Generating family alerts. When anomalies are detected — confusion, distress, reported pain, fall risk — we alert family members so they can take appropriate action.
Compiling wellbeing trends. Longitudinal analysis of mood scores and anomaly flags gives families a picture of their loved one’s wellbeing over time.
Powering the AI chat assistant. When a Family Member asks the AI chat about their senior, relevant call analyses and summaries are used to generate a contextually accurate response.

We do NOT use health data to:

Sell or license health data to insurance companies, pharmaceutical companies, or data brokers;
Train AI models for third parties;
Target advertising or make eligibility decisions;
Share with employers or any third party not listed in our Privacy Policy;
Any purpose beyond delivering and improving the Service.

5. Your Rights Over Health Data

You have the following rights regarding health data in our Service:

Access

You can view all health profile data in the app at any time. You can request a full export of your data by emailing privacy@familyguardian.ai.

Correction

You can update health information in the senior’s profile at any time directly in the app.

Deletion

You can delete individual call analyses, memories, or the entire senior profile from the app. You can also request full account deletion, which will delete all associated health data per our retention policy.

Portability

You can request a machine-readable export (JSON) of all data associated with your account, including transcripts and analyses.

Restriction

You can stop new calls from being placed at any time by adjusting the call schedule. You can disable alerts in account settings.

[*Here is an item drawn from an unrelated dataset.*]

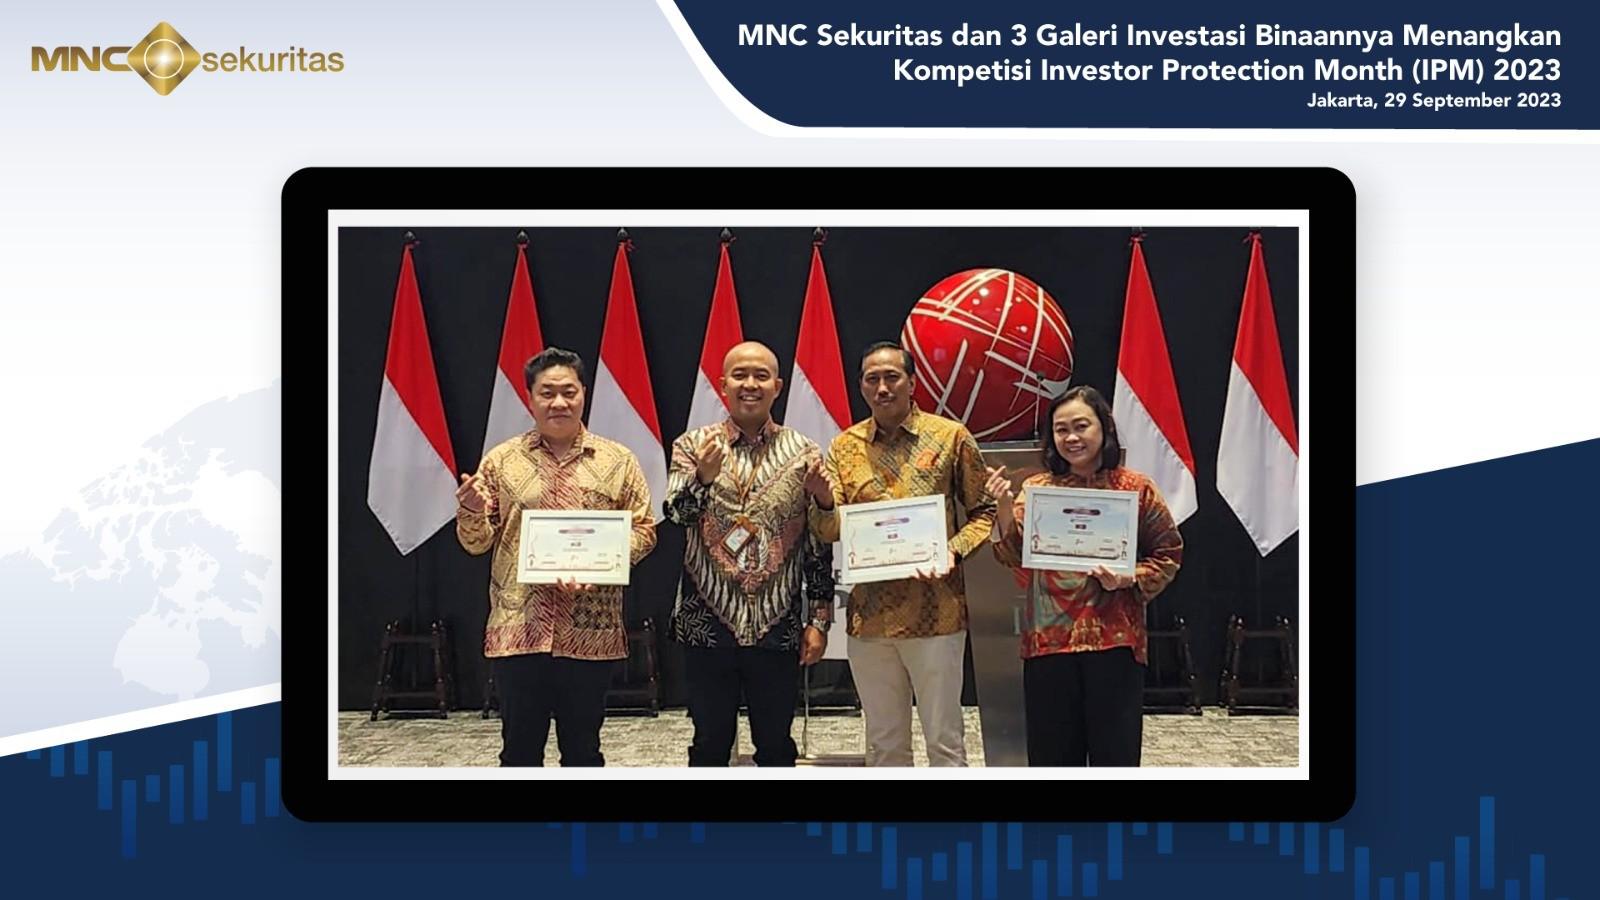 MNC Sekuritas Borong Juara Kompetisi Investor Protection Month 2023

6. Consent for Sensitive Health Information

When you enroll a senior, you voluntarily provide health context to enable personalized care calls. By doing so, you represent that you have the legal right to share this information — either because the senior has consented directly, or because you have appropriate legal authority (e.g., power of attorney, healthcare proxy, or guardian status).

During calls, seniors may voluntarily disclose additional health information. Our AI is designed to respond empathetically and to note medically relevant disclosures in the transcript for family awareness. The AI does not solicit detailed medical histories, ask for Social Security numbers or insurance information, or conduct formal cognitive testing.

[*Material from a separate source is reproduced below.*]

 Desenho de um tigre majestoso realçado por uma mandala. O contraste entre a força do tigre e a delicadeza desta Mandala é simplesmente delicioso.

Family members are encouraged to inform seniors that they are speaking with an AI companion and that conversations are analyzed to help keep their family informed of their wellbeing.

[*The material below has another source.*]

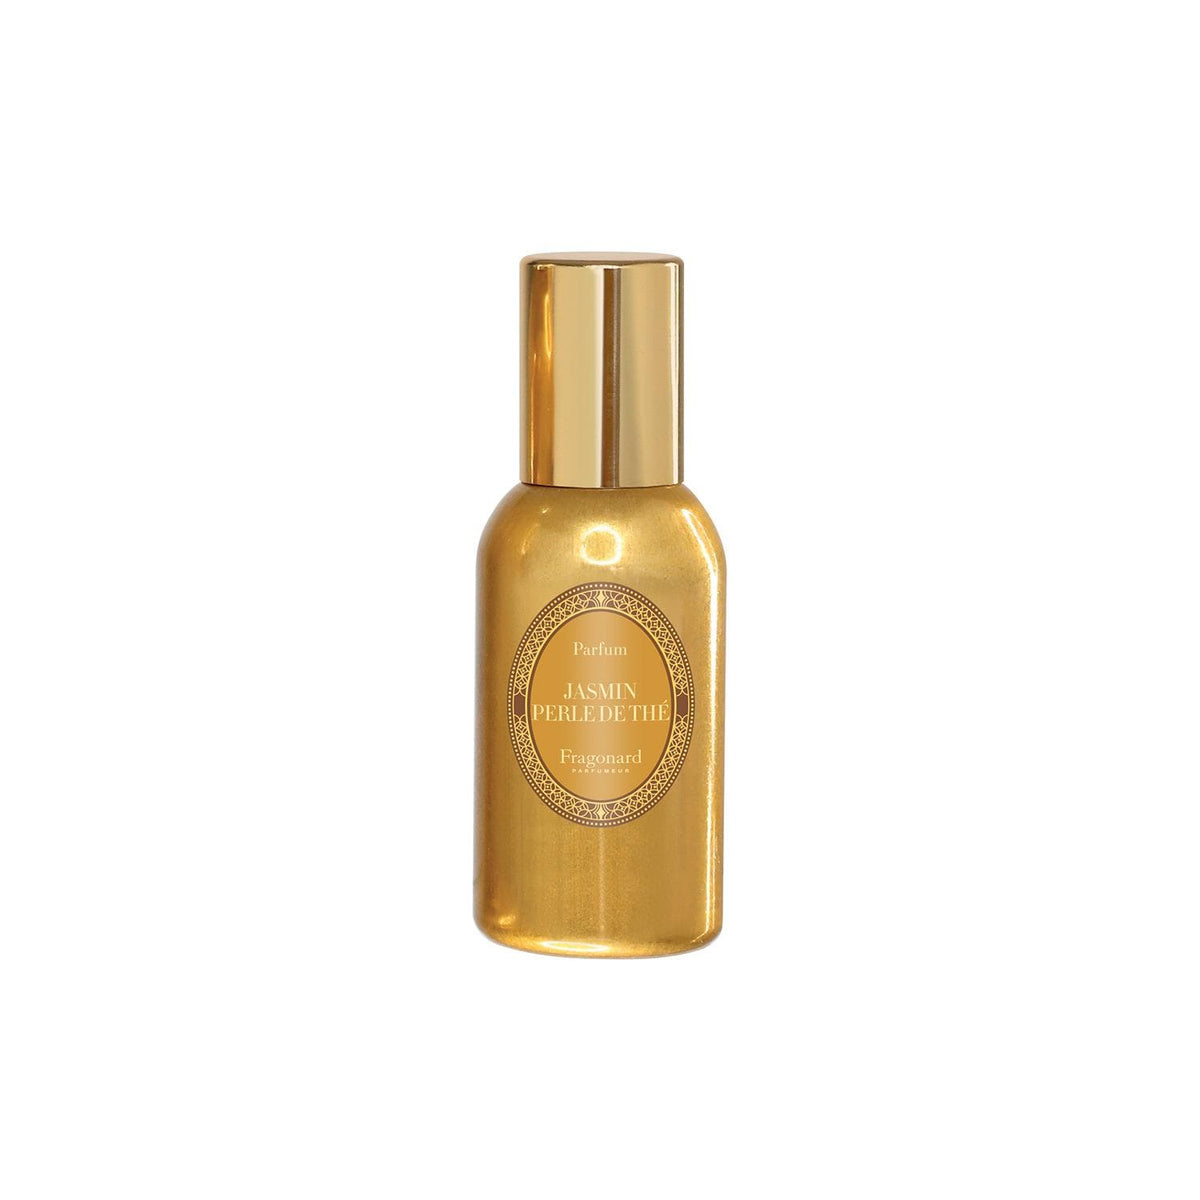 Fragonard Jasmin Perle de The Gold Bottle Parfum 30 ml-Fragonard Parfumeur-Oak Manor Fragrances

7. Not Medical Advice or a Medical Device

This Service does not provide medical advice, diagnosis, or treatment. All AI-generated outputs — mood scores, wellbeing assessments, anomaly flags, cognitive engagement scores, and weekly reports — are informational tools for family awareness. They are not clinical assessments, diagnostic results, or professional medical opinions.

This Service is not a medical device and has not been cleared or approved by the FDA or any other health regulatory authority.

This Service is not an emergency response system. If you have any reason to believe a senior is in immediate danger, call 911 without delay. Do not rely on our alert system as a substitute for emergency services.

Always consult a qualified, licensed healthcare professional for medical advice, diagnosis, or treatment decisions.

8. Questions About Health Data Privacy

If you have questions or concerns about how we handle health-related data, or to exercise any of your rights, please contact us:

Family Guardian AI — Privacy Team

Email: privacy@familyguardian.ai

Website: familyguardian.ai

We aim to respond to all privacy inquiries within 5 business days. For urgent data concerns, please include “URGENT” in the subject line.

Our Commitment

We built Family Guardian AI because we care deeply about the dignity, privacy, and safety of elderly individuals. We treat every piece of health data as a sacred trust — something shared with us not out of convenience, but out of love for a family member who deserves the best possible care. We will never compromise on that responsibility.